### DATA PROVIDED
★ ★ ★ ★ ★ ★ ★
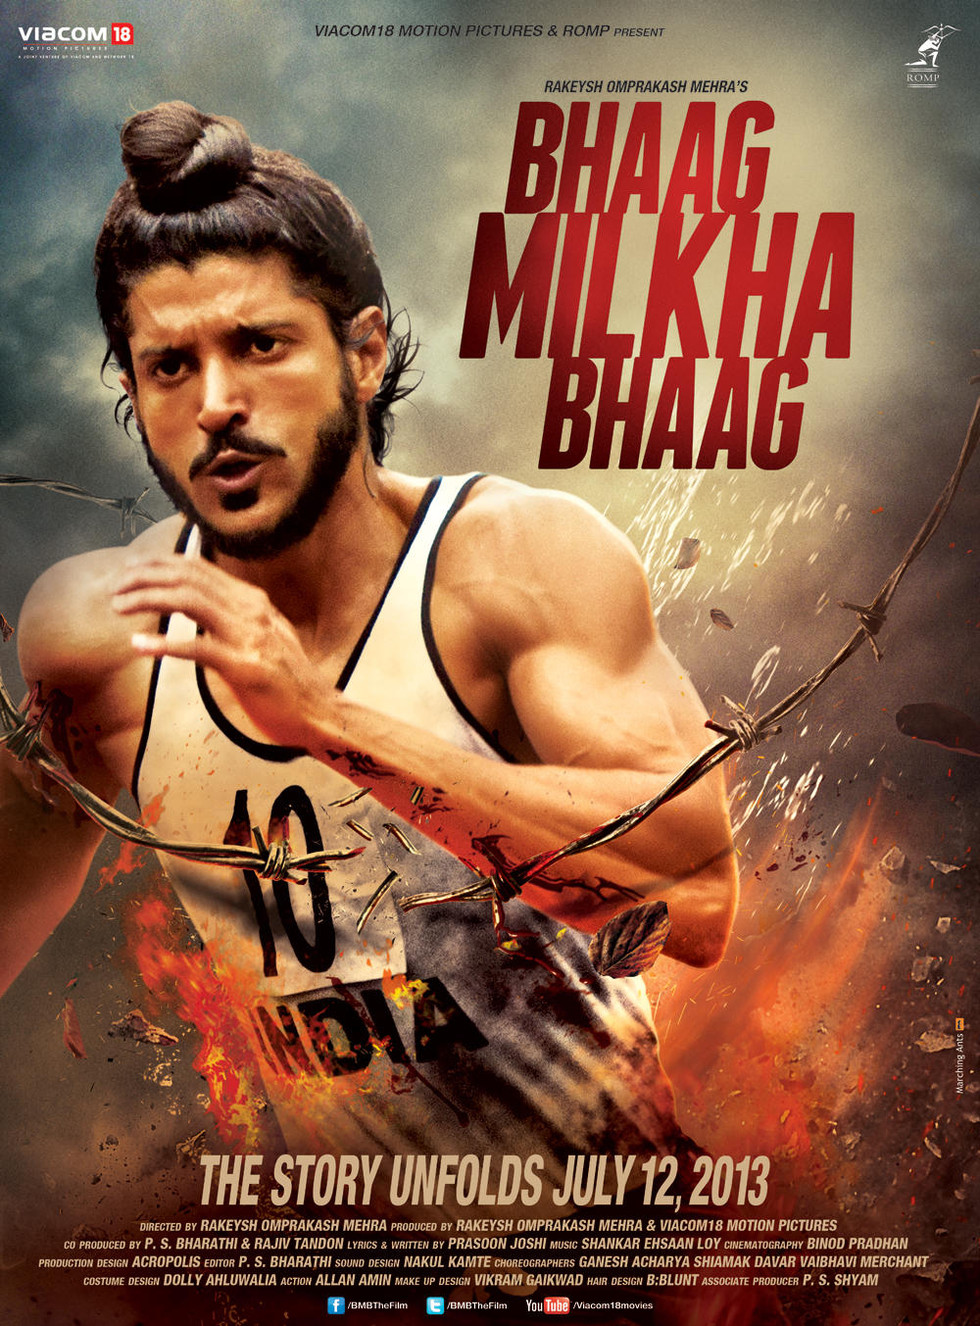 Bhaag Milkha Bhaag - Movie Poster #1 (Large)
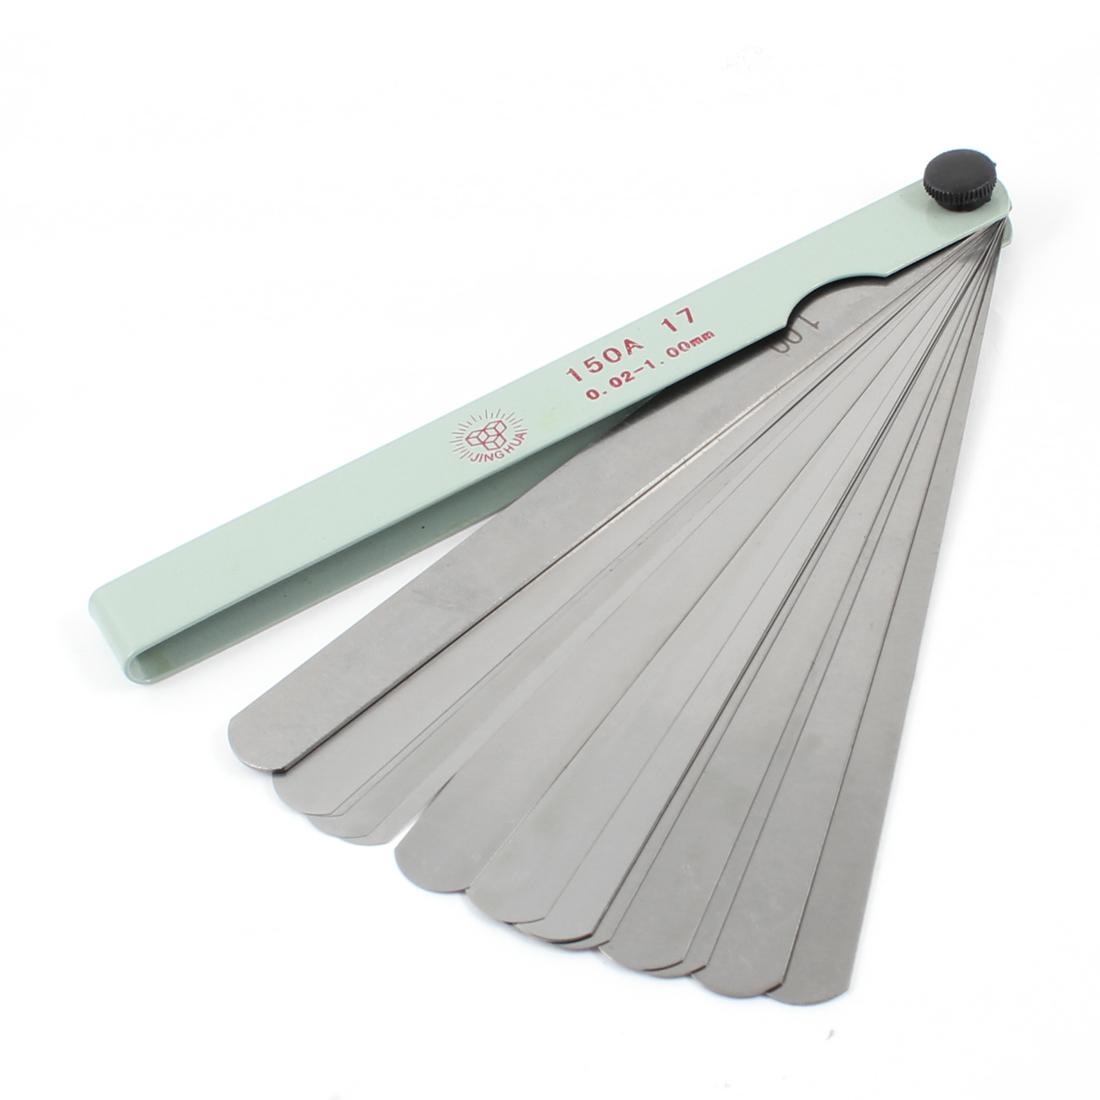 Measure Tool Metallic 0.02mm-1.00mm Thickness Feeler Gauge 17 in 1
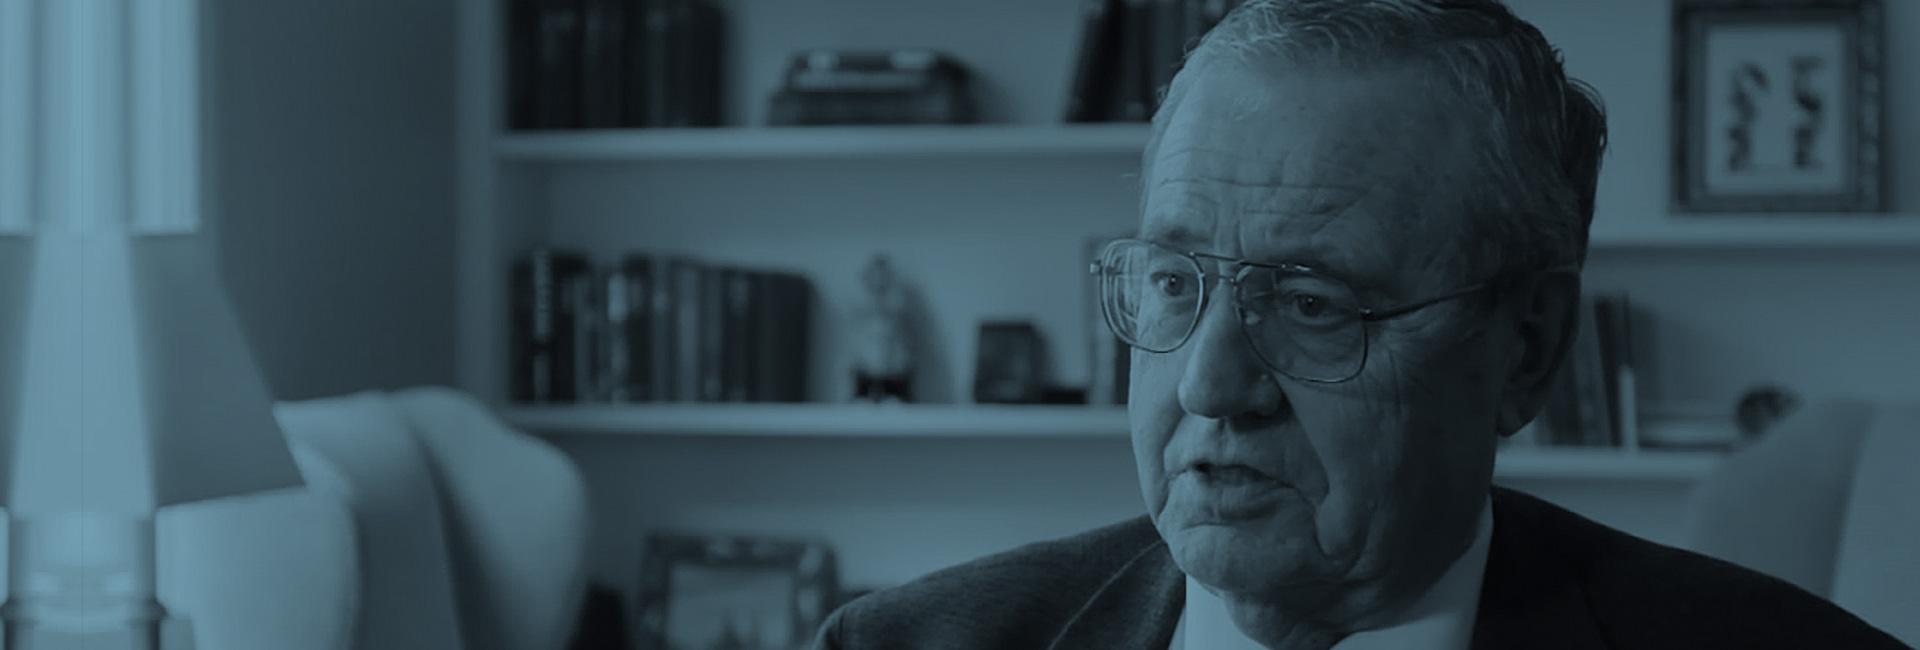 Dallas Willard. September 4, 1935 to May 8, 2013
★ ★ ★ ★ ★ ★ ★
### TASK GOAL
Give the data again exactly as it appears, but without any images.

### SOLUTION TO THIS PROBLEM
 Bhaag Milkha Bhaag - Movie Poster #1 (Large)
 Measure Tool Metallic 0.02mm-1.00mm Thickness Feeler Gauge 17 in 1
 Dallas Willard. September 4, 1935 to May 8, 2013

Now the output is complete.